Sunday, September 10, 2017

September 17, 2017

Breaking Open the Scripture Scriptures for September 17th: Exodus 14: 19-31; Exodus 15:1-11,20-21; Romans 14:1-12;Matthew 18:21-35 Romans: When we gather together in faith, we have all had different levels of training in church, we all have different definitions of what it means to be Christian. Paul is saying that just because we are different, that does not mean that we are better than others. When you find yourself putting yourself above others, then you need to be careful. We need to be mindful of others. The key to being the church is in being able to accept those who are different without judging them. We are all sinners saved by grace. Christ had a reason for inviting all of us to the table. We have to learn to all get along. Matthew: This is an important next step in learning to live in Christian community.
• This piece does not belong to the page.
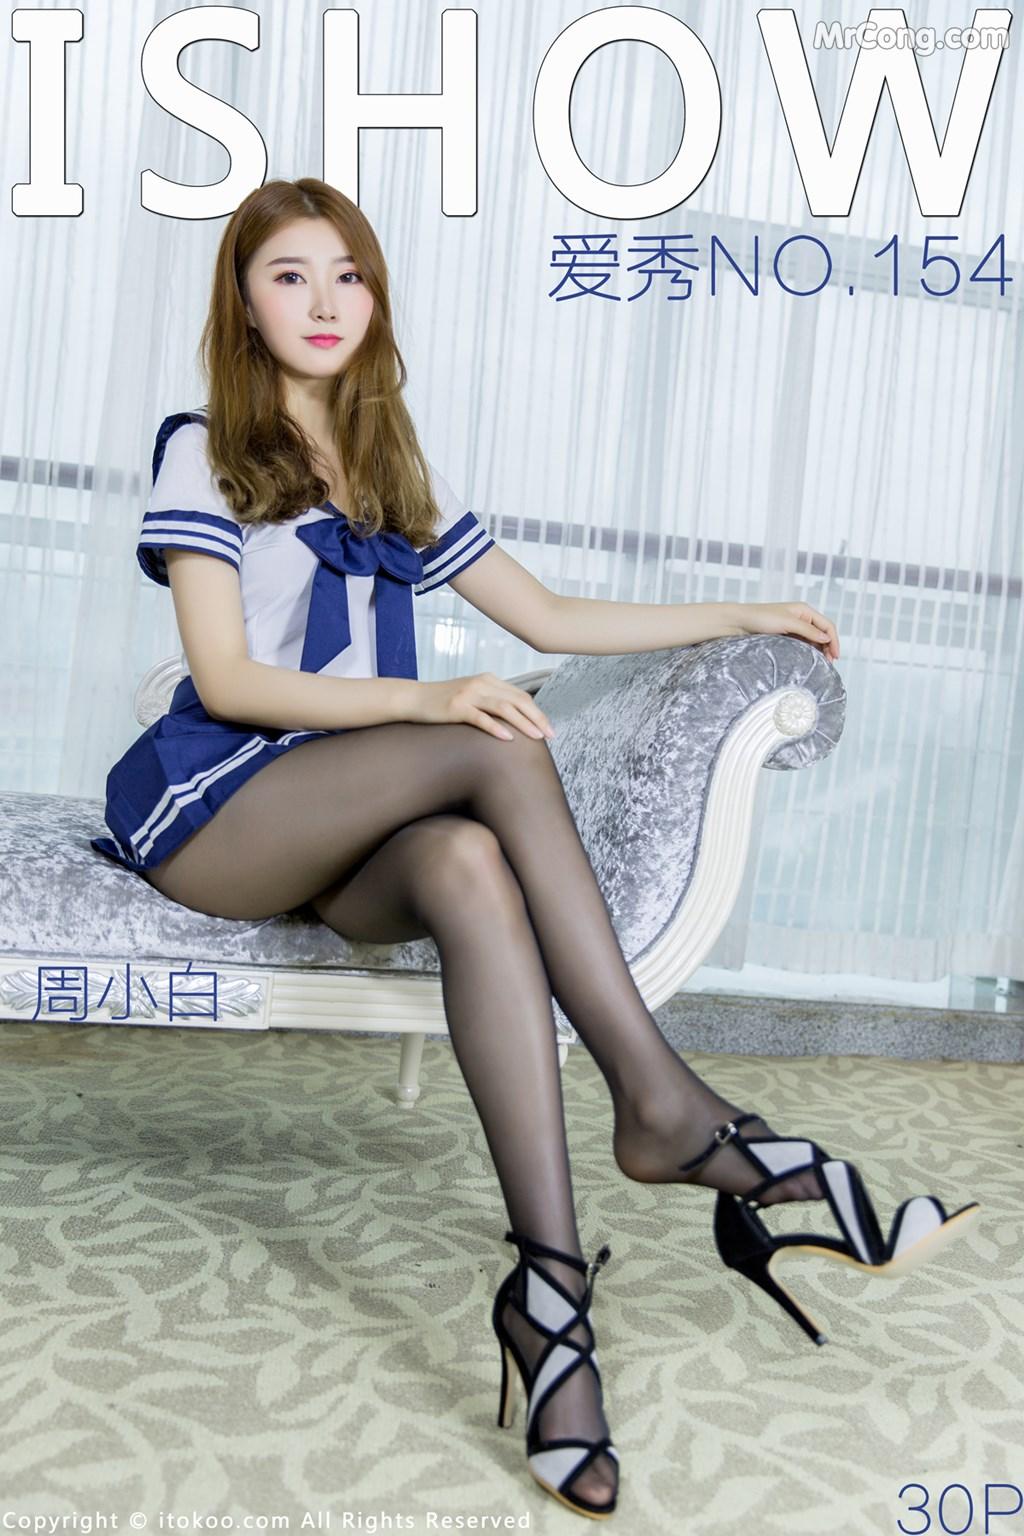 ISHOW No.154: Người mẫu Zhou Xiao Bai (周小白) (31 ảnh)

Christian community is based on love and forgiveness. Peter asks how many times should he forgive someone before giving up on them. Jesus says that there is no limit to forgiveness. He then tells a parable about a king forgiving debts – this reminds us that when we judge others, God also judges us. We have had to have some of our debt forgiven. We should keep this in mind. The golden rule is to treat others the way you expect to be treated. Forgiveness is the golden rule of Christianity. We should do it as Jesus tells us to. Questions: how do you treat people who practice Christianity different from you? How do you overcome your differences with others? What does it mean to be weak in faith? When was there a time when you needed to forgive a Christian brother? Was it easy? Did you think about what the bible tells you to do.